*Problem description:* What is needed here is an exact transcription of the entries that follow.

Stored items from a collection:
BEGIN

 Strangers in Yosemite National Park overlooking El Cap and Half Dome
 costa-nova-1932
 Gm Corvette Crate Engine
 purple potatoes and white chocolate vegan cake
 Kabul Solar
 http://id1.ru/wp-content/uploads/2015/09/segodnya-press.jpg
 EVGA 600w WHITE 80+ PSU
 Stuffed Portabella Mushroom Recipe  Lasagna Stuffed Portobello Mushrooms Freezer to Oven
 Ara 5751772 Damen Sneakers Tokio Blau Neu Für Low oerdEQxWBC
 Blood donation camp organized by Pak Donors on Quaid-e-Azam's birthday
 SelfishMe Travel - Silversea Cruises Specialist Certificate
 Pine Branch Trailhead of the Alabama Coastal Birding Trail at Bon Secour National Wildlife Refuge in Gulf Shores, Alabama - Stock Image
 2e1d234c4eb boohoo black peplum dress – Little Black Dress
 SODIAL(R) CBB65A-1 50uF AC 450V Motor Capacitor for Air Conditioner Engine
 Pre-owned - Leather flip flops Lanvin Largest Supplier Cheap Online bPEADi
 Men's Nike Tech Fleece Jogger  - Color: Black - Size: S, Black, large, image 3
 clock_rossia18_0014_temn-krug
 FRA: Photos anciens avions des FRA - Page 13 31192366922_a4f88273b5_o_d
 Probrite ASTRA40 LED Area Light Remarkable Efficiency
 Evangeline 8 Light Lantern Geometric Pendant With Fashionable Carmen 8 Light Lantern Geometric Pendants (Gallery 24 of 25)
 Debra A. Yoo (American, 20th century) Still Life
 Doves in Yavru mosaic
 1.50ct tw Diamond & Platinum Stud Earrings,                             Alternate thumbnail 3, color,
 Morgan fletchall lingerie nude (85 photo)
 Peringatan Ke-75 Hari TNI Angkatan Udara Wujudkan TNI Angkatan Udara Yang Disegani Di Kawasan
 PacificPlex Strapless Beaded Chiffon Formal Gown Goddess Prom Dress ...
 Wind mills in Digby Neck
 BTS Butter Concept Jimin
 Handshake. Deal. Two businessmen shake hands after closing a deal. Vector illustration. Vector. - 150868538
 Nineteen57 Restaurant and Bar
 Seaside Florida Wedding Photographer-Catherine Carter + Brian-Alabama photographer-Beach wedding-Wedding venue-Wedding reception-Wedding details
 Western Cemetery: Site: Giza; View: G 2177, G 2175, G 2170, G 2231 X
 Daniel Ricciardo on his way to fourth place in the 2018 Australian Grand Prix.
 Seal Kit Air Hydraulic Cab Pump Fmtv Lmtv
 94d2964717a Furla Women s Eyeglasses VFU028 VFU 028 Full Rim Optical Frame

END

*Answer area:*
 Strangers in Yosemite National Park overlooking El Cap and Half Dome
 costa-nova-1932
 Gm Corvette Crate Engine
 purple potatoes and white chocolate vegan cake
 Kabul Solar
 http://id1.ru/wp-content/uploads/2015/09/segodnya-press.jpg
 EVGA 600w WHITE 80+ PSU
 Stuffed Portabella Mushroom Recipe  Lasagna Stuffed Portobello Mushrooms Freezer to Oven
 Ara 5751772 Damen Sneakers Tokio Blau Neu Für Low oerdEQxWBC
 Blood donation camp organized by Pak Donors on Quaid-e-Azam's birthday
 SelfishMe Travel - Silversea Cruises Specialist Certificate
 Pine Branch Trailhead of the Alabama Coastal Birding Trail at Bon Secour National Wildlife Refuge in Gulf Shores, Alabama - Stock Image
 2e1d234c4eb boohoo black peplum dress – Little Black Dress
 SODIAL(R) CBB65A-1 50uF AC 450V Motor Capacitor for Air Conditioner Engine
 Pre-owned - Leather flip flops Lanvin Largest Supplier Cheap Online bPEADi
 Men's Nike Tech Fleece Jogger  - Color: Black - Size: S, Black, large, image 3
 clock_rossia18_0014_temn-krug
 FRA: Photos anciens avions des FRA - Page 13 31192366922_a4f88273b5_o_d
 Probrite ASTRA40 LED Area Light Remarkable Efficiency
 Evangeline 8 Light Lantern Geometric Pendant With Fashionable Carmen 8 Light Lantern Geometric Pendants (Gallery 24 of 25)
 Debra A. Yoo (American, 20th century) Still Life
 Doves in Yavru mosaic
 1.50ct tw Diamond & Platinum Stud Earrings,                             Alternate thumbnail 3, color,
 Morgan fletchall lingerie nude (85 photo)
 Peringatan Ke-75 Hari TNI Angkatan Udara Wujudkan TNI Angkatan Udara Yang Disegani Di Kawasan
 PacificPlex Strapless Beaded Chiffon Formal Gown Goddess Prom Dress ...
 Wind mills in Digby Neck
 BTS Butter Concept Jimin
 Handshake. Deal. Two businessmen shake hands after closing a deal. Vector illustration. Vector. - 150868538
 Nineteen57 Restaurant and Bar
 Seaside Florida Wedding Photographer-Catherine Carter + Brian-Alabama photographer-Beach wedding-Wedding venue-Wedding reception-Wedding details
 Western Cemetery: Site: Giza; View: G 2177, G 2175, G 2170, G 2231 X
 Daniel Ricciardo on his way to fourth place in the 2018 Australian Grand Prix.
 Seal Kit Air Hydraulic Cab Pump Fmtv Lmtv
 94d2964717a Furla Women s Eyeglasses VFU028 VFU 028 Full Rim Optical Frame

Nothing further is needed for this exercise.